Gone with the rates: Rental market loses 35,000 properties as lending falls

A new report directly linked the worsening rental crisis to the Reserve Bank’s monetary policy tightening, with the rate rises named as having a hand in the reduced availability of rental properties in the market.

Kevin Young, the president of Property Club, said rising interest rates have had a negative impact on property investment lending and led to fewer investors taking up the landlord mantle.

In a study conducted by the independent national property investment group, it was shown that the 11-interest rate rises imposed by the central bank from May 2022 to May 2023 led to 35,000 less rental properties being added to the market pool, based on a median house price of $800,000.

Findings also showed total lending to property investors in Australia fell by a massive $30 billion as result of surging interest rates over the period.

Mr Young said while the figures are grim, it is not showing the full impact of the rate hikes.
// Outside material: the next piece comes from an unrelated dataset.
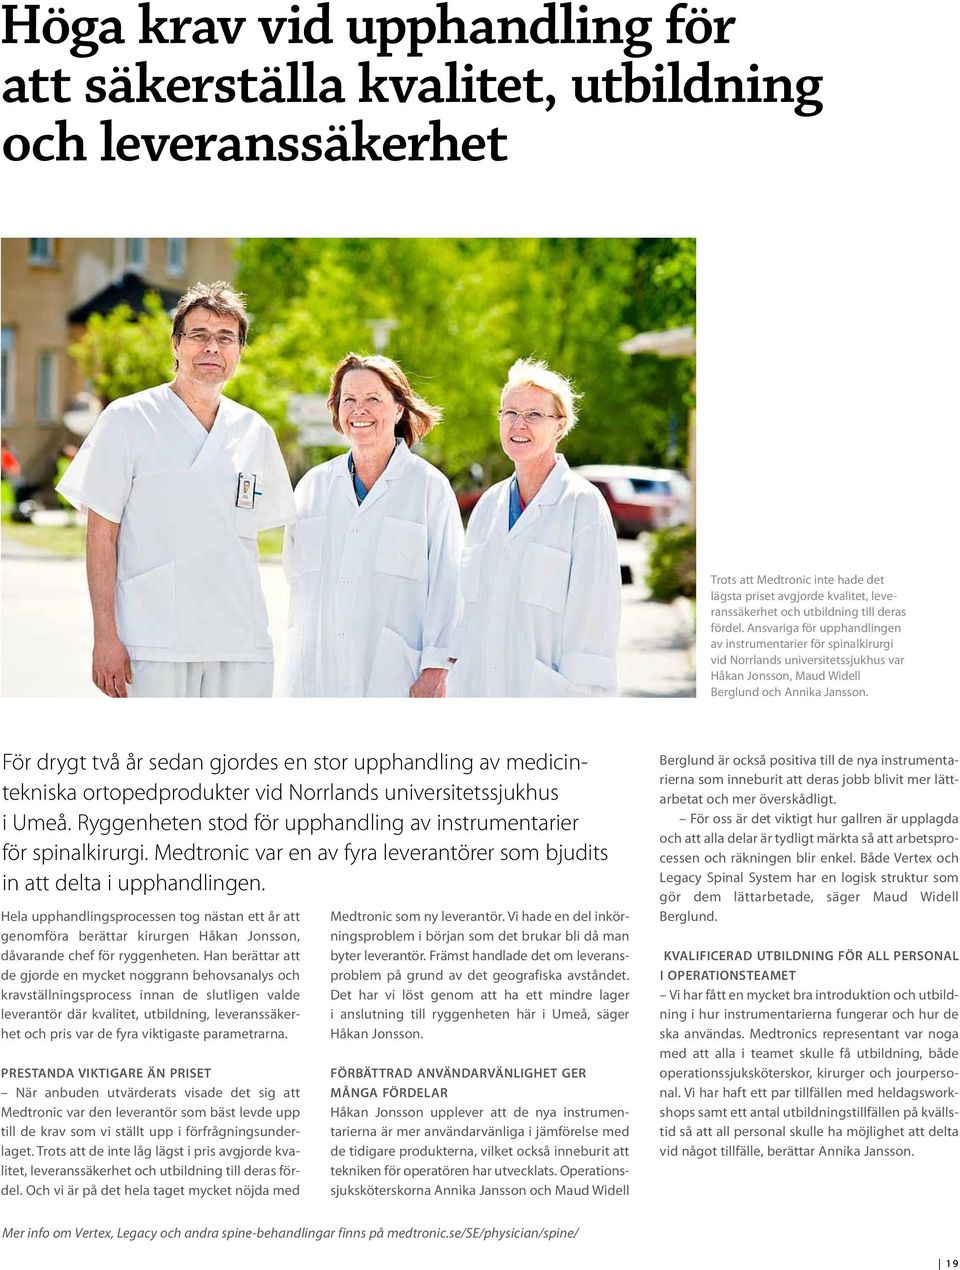 För drygt två år sedan gjordes en stor upphandling av medicintekniska ortopedprodukter vid Norrlands universitetssjukhus i Umeå. Ryggenheten stod för upphandling av instrumentarier för spinalkirurgi.

“These figures do not include the thousands of mum and dad property investors who have been forced to sell their rental properties over the past year because the higher mortgage repayments would not have been covered by their rental income,” he explained.

It’s not just investors that are feeling the pain. According to Mr Young, the impact for tenants has been “disastrous”, with many now struggling to find a rental property.

While various ideas have been proposed to alleviate the rental crisis nationwide, Mr Young highlighted a single, straightforward policy change that could swiftly resolve the problem: reversing recent counterproductive rules to lending practices for property investors.

“Since 2016, property investors have been hit by higher interest rates compared to owner-occupiers due to new rules imposed by APRA.

“At the same time APRA effectively made it effectively impossible to get access to lower cost interest-only loans, meaning that property investors on principal and interest loans have had to sell as they cannot service these higher repayments,” he said.

He warned unless there are immediate changes to restore previous lending practices for investors, then Australia will entrench the rental crisis that is gripping the nation.

“Rather than being seen as a short-term phenomenon in Australia, this rental crisis will last for years unless investment lending for investors becomes easier so the supply of rental properties can be boosted over the long term,” Mr Young said.

In his appeal to regulators, Mr Young advocated for the immediate restoration of full access to interest-only loans for property investors.

“The full access to interest-only loans – as is the case in other developed countries – should be restored immediately to investors and this change would not cost the government one extra dollar in public expenditure,” he added.

The executive also expressed the organisation’s belief that the supply of cheaper, lower priced rental properties can be immediately increased if the federal government restores tax depreciation benefits to second-hand properties which were moved in 2017.

“This meant that property investors were incentivised to buy new properties that had higher rents rather than older properties offering tenants lower rents,” he concluded.